Разумеется, пошли вопросы о Туркестане как новой стране, – я рассказал, что видел и слышал, рассказал, что «даже участвовал в битве!» «Может ли быть?» – «Да, случалось водить солдат на штурм». – «???» Я откровенно описал мои впечатления, ощущения и события: «Георгиевская дума мне первому присудила крест, но, как носящий статское платье, я просил генерала Кауфмана просить государя перенести эту милость на другого». – «??!»
На следующий день после этой беседы покойный профессор Гун, прекрасный товарищ, говорит мне:
– Ты помнишь инженера К., который вместе с нами слушал вчера твой рассказ?
– Помню.
– Когда ты ушел, он говорил, что ты все врал...
– Как врал?
– Так! Все, говорит, от первого до последнего слова, все вранье – что ты водил солдат на штурм, что тебе присудили Георгиевский крест, но ты отказался от него, – все это, говорит, невозможные вещи и тебе это, верно, померещилось...
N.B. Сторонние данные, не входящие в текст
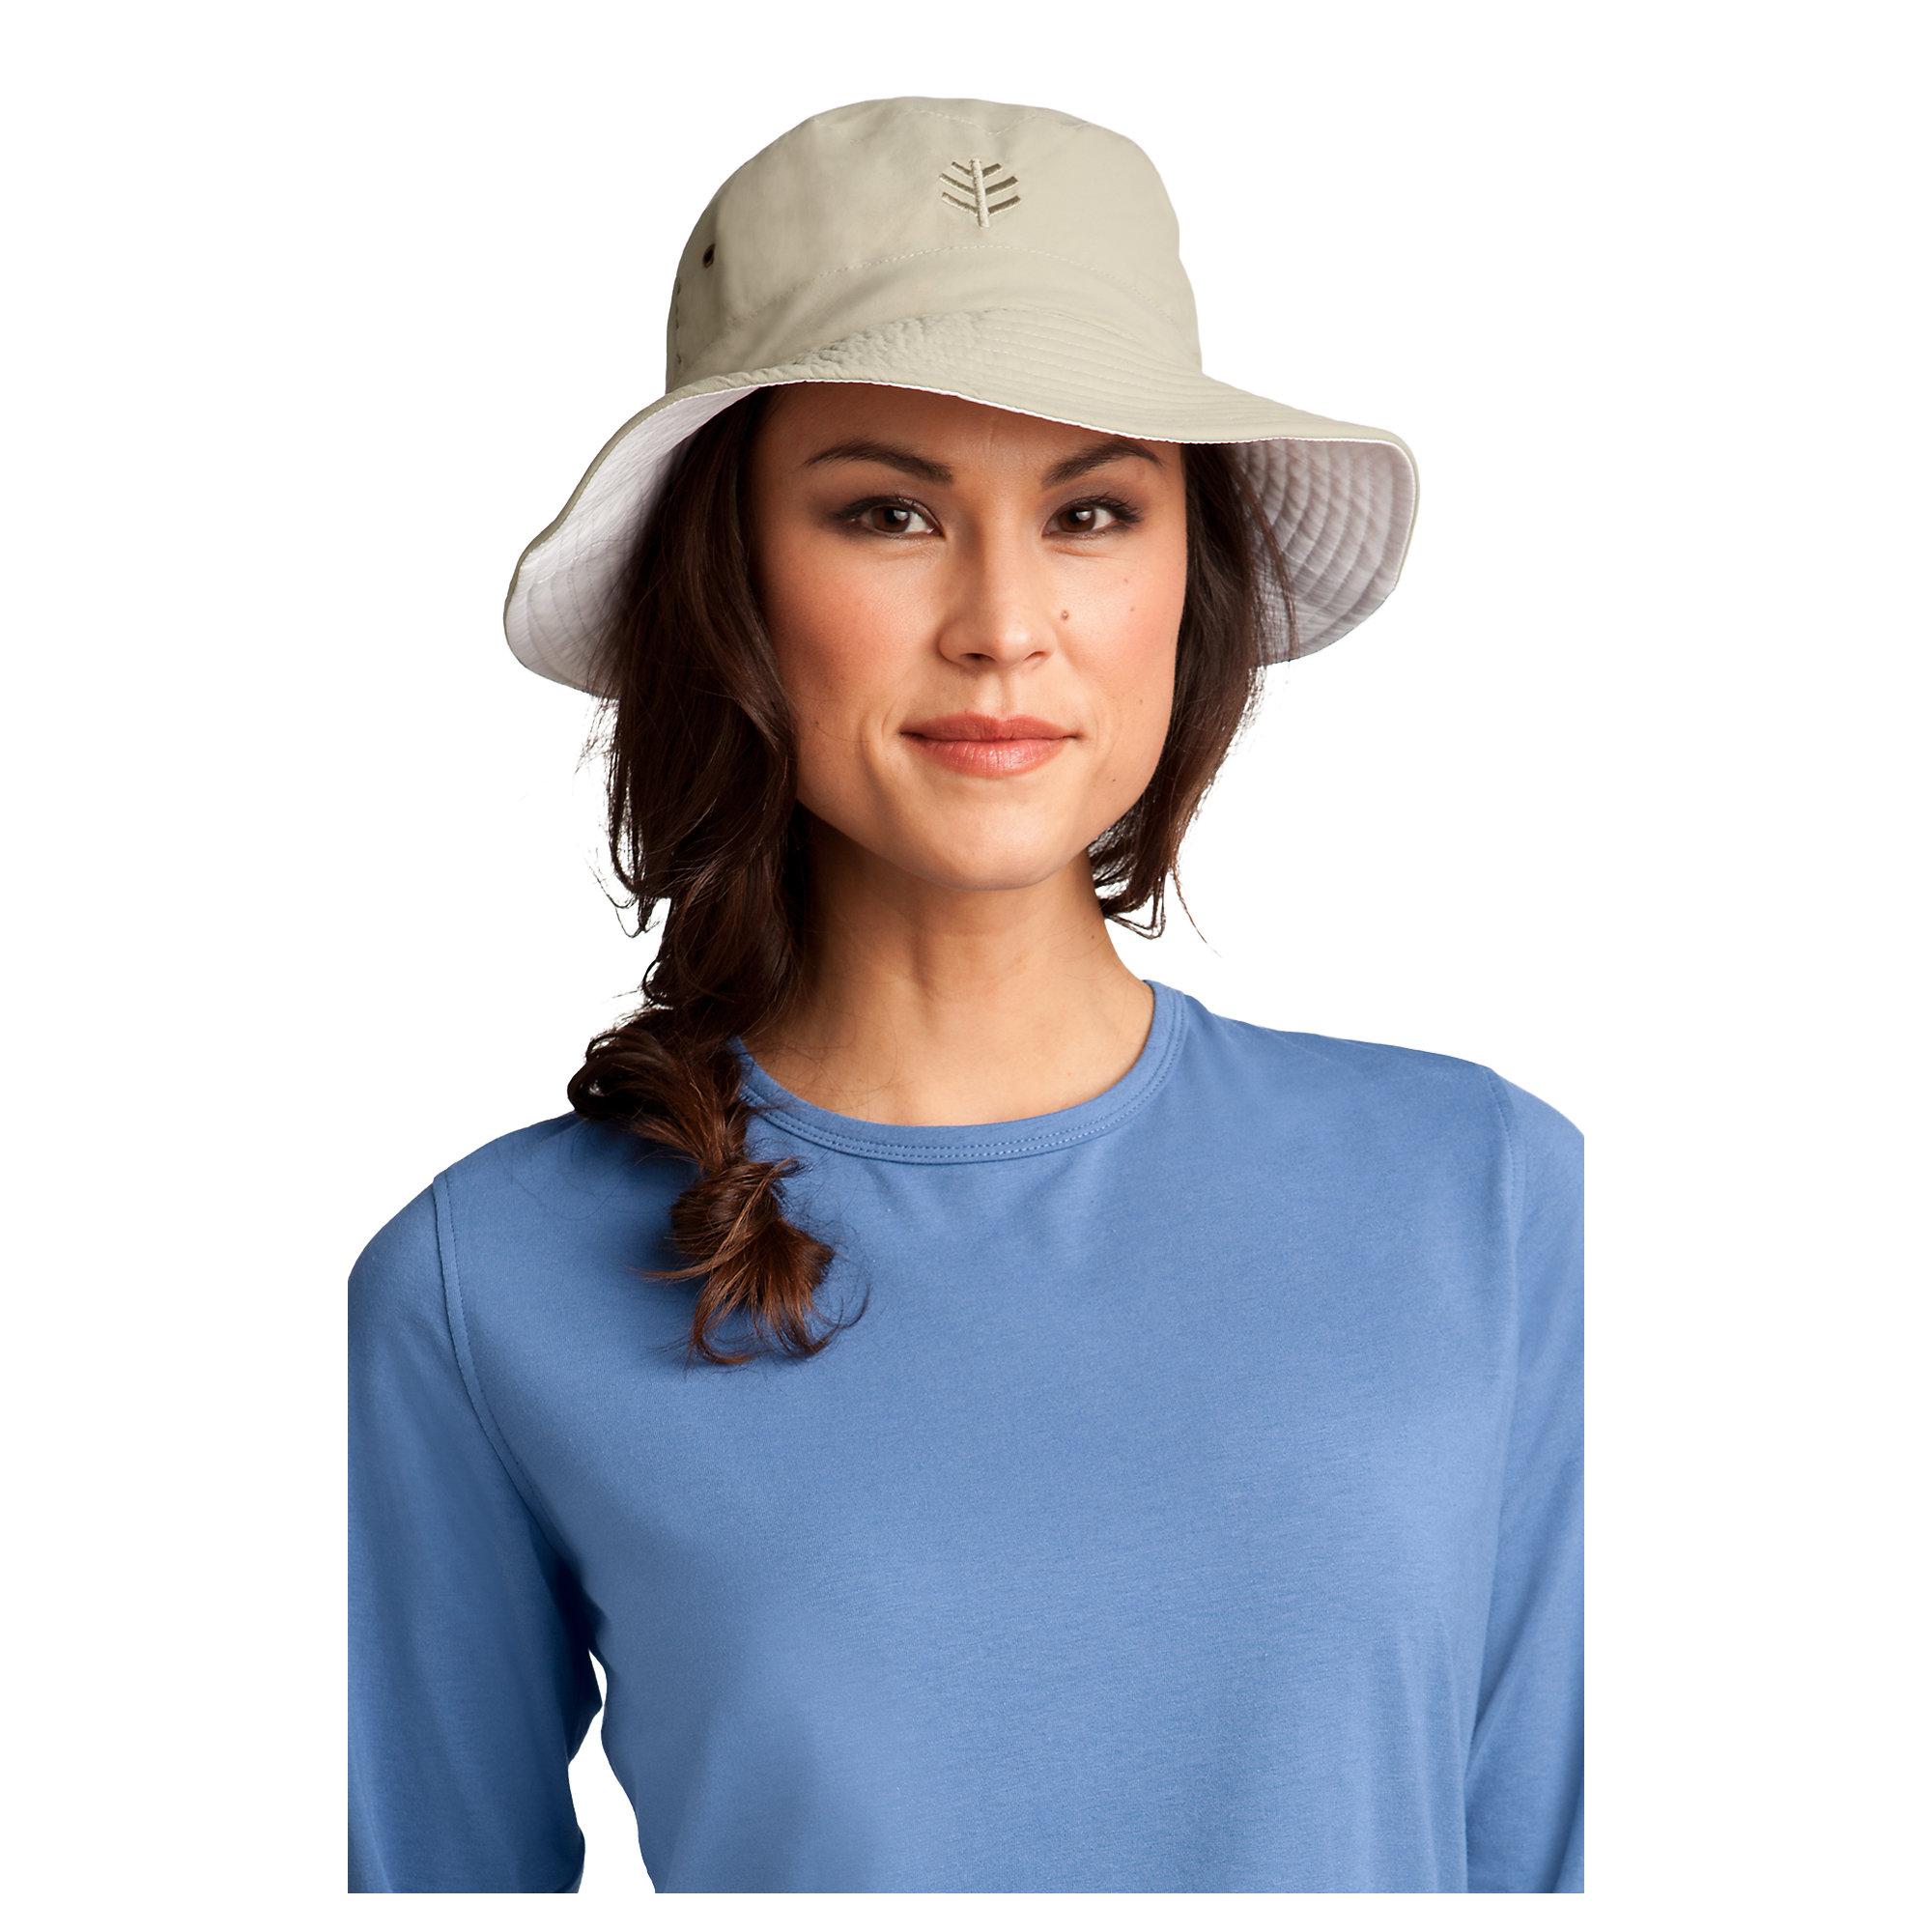 Coolibar UPF 50 Women's Reversible Bucket Hat   eBay

– Ну что ж, пусть его, – ответил я, немного сконфузившись. Как, чем мог я доказать, что ничего не солгал?
Через месяц прихожу в трактирчик, в котором собирались обыкновенно наши к обеду, – встречают восклицаниями: К. виновато жмет руку, а архитектор В., с русской газетой в руках, читает, что государь император «за блистательные мужество и храбрость» жалует мне Георгиевский крест. Я был отомщен!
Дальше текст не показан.